St. Thomas’s draws from the English high-church tradition within Anglo-Catholicism, as distinct from the Anglo-Papalist branch, which took its inspiration from contemporary Roman Catholicism. This tradition, as former rector Fr. Roy Hoult explains,[1] sought
to rediscover the forms of dress and general tenor of worship that pertained in England prior to their senseless destruction at the time of the Reformation. Saint Thomas's is an example of this second kind of Anglo-Catholicism; its lack of lace and the predominance instead of plain albs and long surplices bear witness to this, as does the traditional Anglican arrangement of the chancel with its choir stalls.
[edit] Trinity College
The church has a long relationship with Trinity College, and more recently with Wycliffe College - the present rector, Fr. Mark Andrews, graduated from Wycliffe. As recently as the late 1930s, Wycliffe banned its students from entering St. Thomas's.
[edit] Music and liturgy
Parish music director John Tuttle founded and still directs the semi-professional Exultate Chamber Singers, has previously directed the Hart House Chorus at the University of Toronto, and has recently become musical director at Trinity College. The famous English accompanist Gerald Moore, who grew up in Toronto, was a sometime assistant organist at St Thomas'.
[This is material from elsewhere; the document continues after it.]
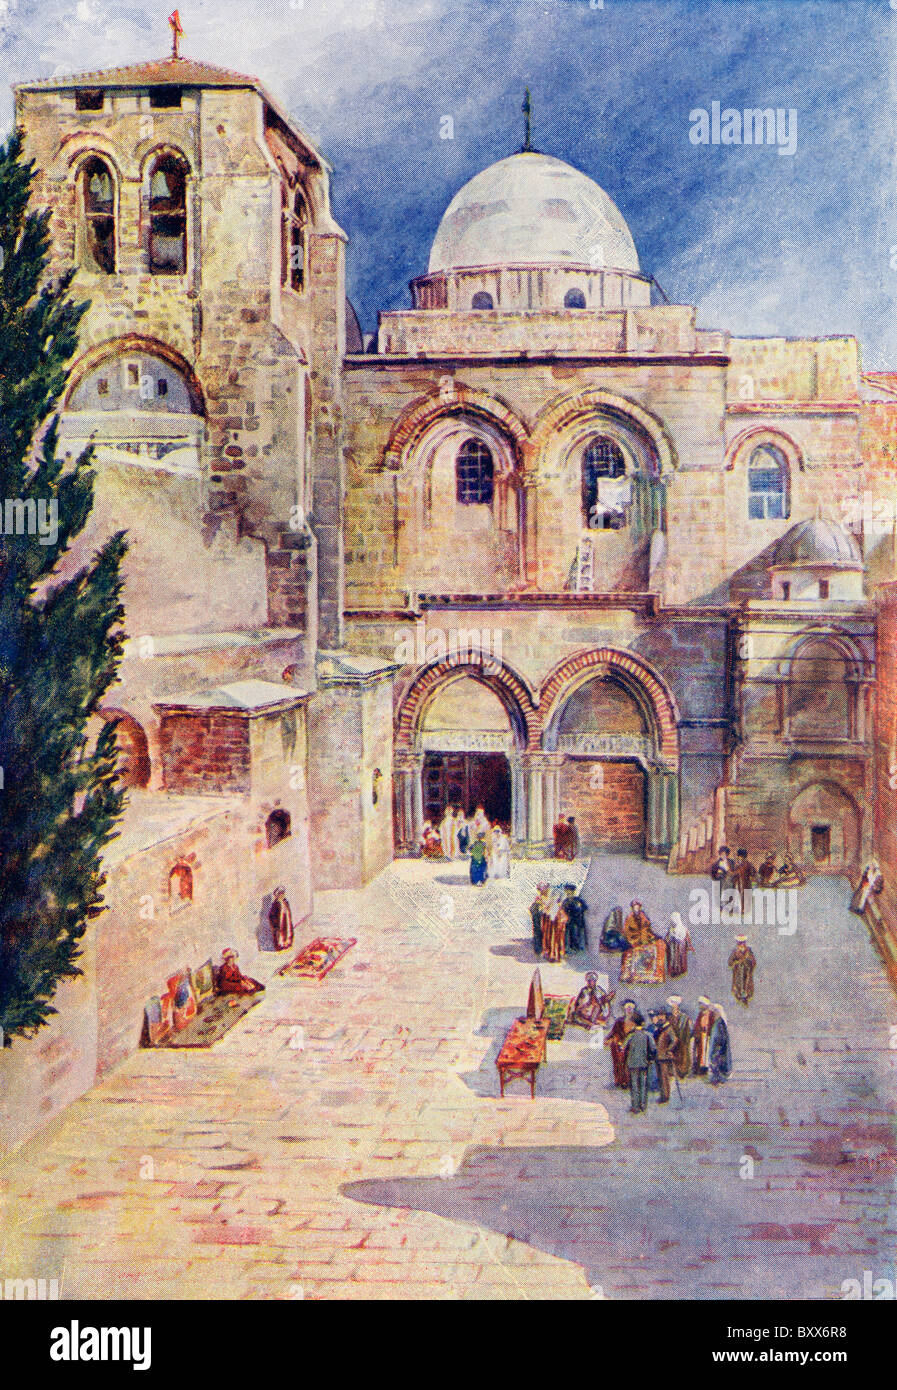 The Church of the Holy Sepulchre, Jerusalem, Palestine, circa 1910. - Stock Image

St. Thomas’s has services throughout the week, and in addition to an 8 o'clock Low Mass has three sung services on Sundays:
- 9:30 a.m.: A contemporary-language Eucharist with the priest facing westward, using the 1985 Book of Alternative Services
- 11 a.m.: A traditional-language eastward-facing Solemn High Mass, using the 1962 Prayer Book and the Canadian 1938 hymnal
- 7 p.m.: Solemn Evensong using the 1962 Prayer Book, and Devotions to the Blessed Sacrament
[edit] Culture
St. Thomas also hosts chapters of the Society of Mary and the Confraternity of the Blessed Sacrament. The Canadian branch of Affirming Catholicism is based at St Thomas's.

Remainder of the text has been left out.